The Environment Agency has confirmed it will make almost 15% of its staff redundant over the next 12 months, after its funding was cut by £33.5 million.
In his 2013 budget, the Chancellor announced that the Department for Environment, Food and Rural Affairs (Defra) budget would be slashed by 9.6%, leaving them with £100 million less to spend next year. With funding on flood management and protection ringfenced, savings were required in other areas and the Treasury confirmed that it expects Defra's bodies, like the Agency, to save £54 million through "better joint working".
A spokesperson for the Agency commented, "Our budget for 2014/15 will be confirmed shortly. However, we are likely to reduce staff numbers to around 9,700 by October 2014. We will then aim to keep numbers broadly at that level through to March 2015, dependent of course on future funding. We will only achieve this by looking across the whole organisation at our ways of working and structures".

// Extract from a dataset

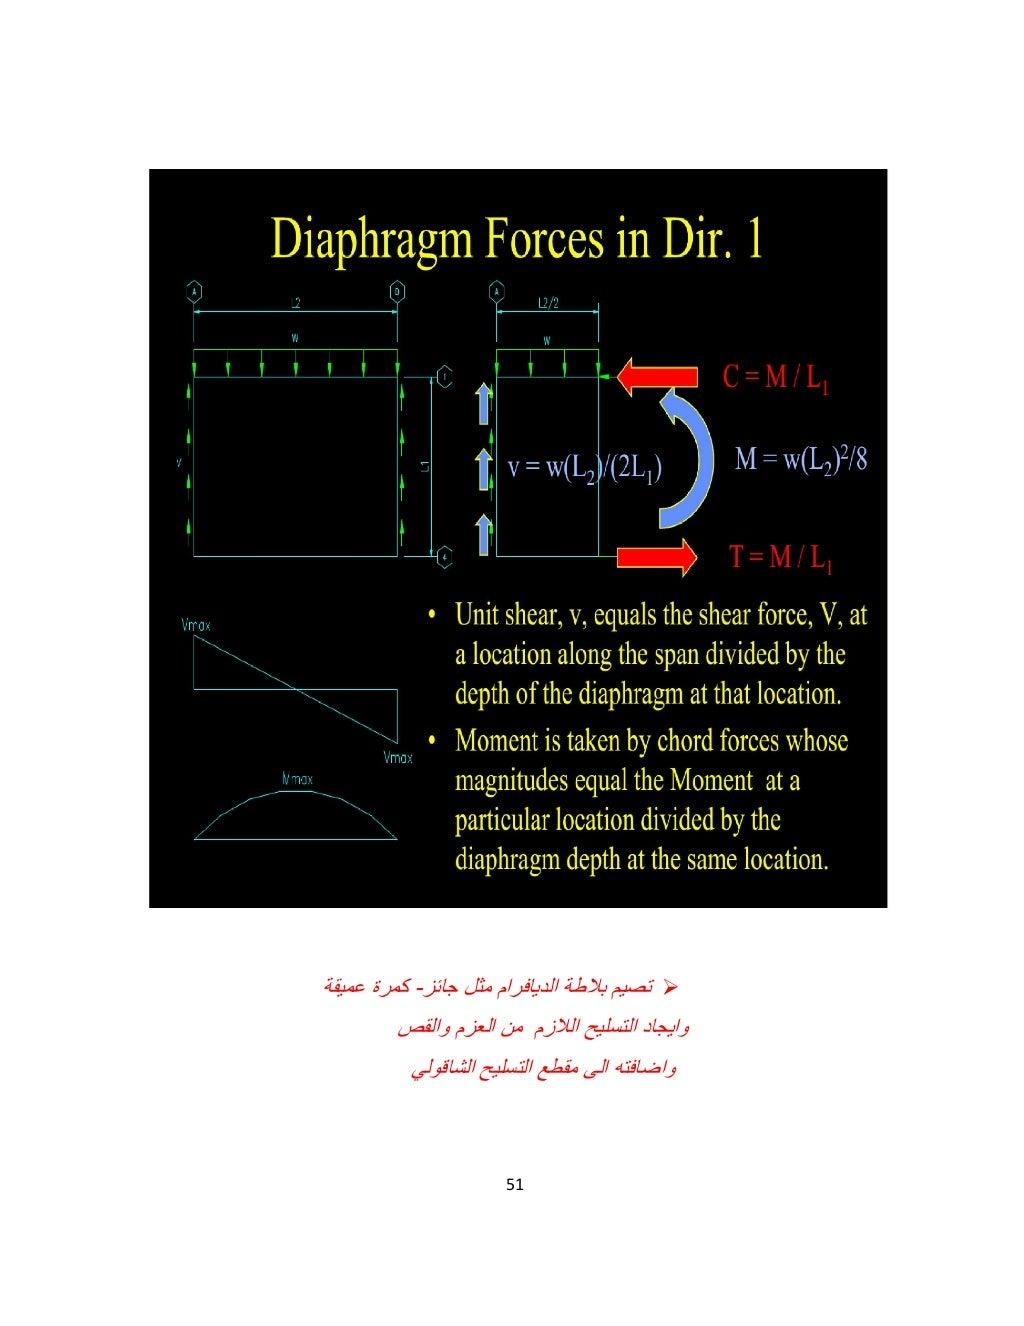 rigid-semi-rigid-flexible-diaphragm-for-seismic-analysis-51-1024.jpg

The Agency's Chair, Lord Chris Smith and its Chief Executive wrote a separate communication to employees earlier in the month, which read, "We have to balance our continuing ambitions for people and the environment with the knowledge that we will have significantly reduced funding for many important areas of our work. We will need to look for efficiencies at all levels of the Environment Agency, as we seek to protect our environmental outcomes. We know that we are likely to be a smaller organisation in the future".
Along with considering whether work delivered at a regional level could be provided at a local or national level, the Agency is also weighing up the possibility of outsourcing its HR and finance functions to a private sector firm as part of a Cabinet Office initiative for public sector bodies to share service providers.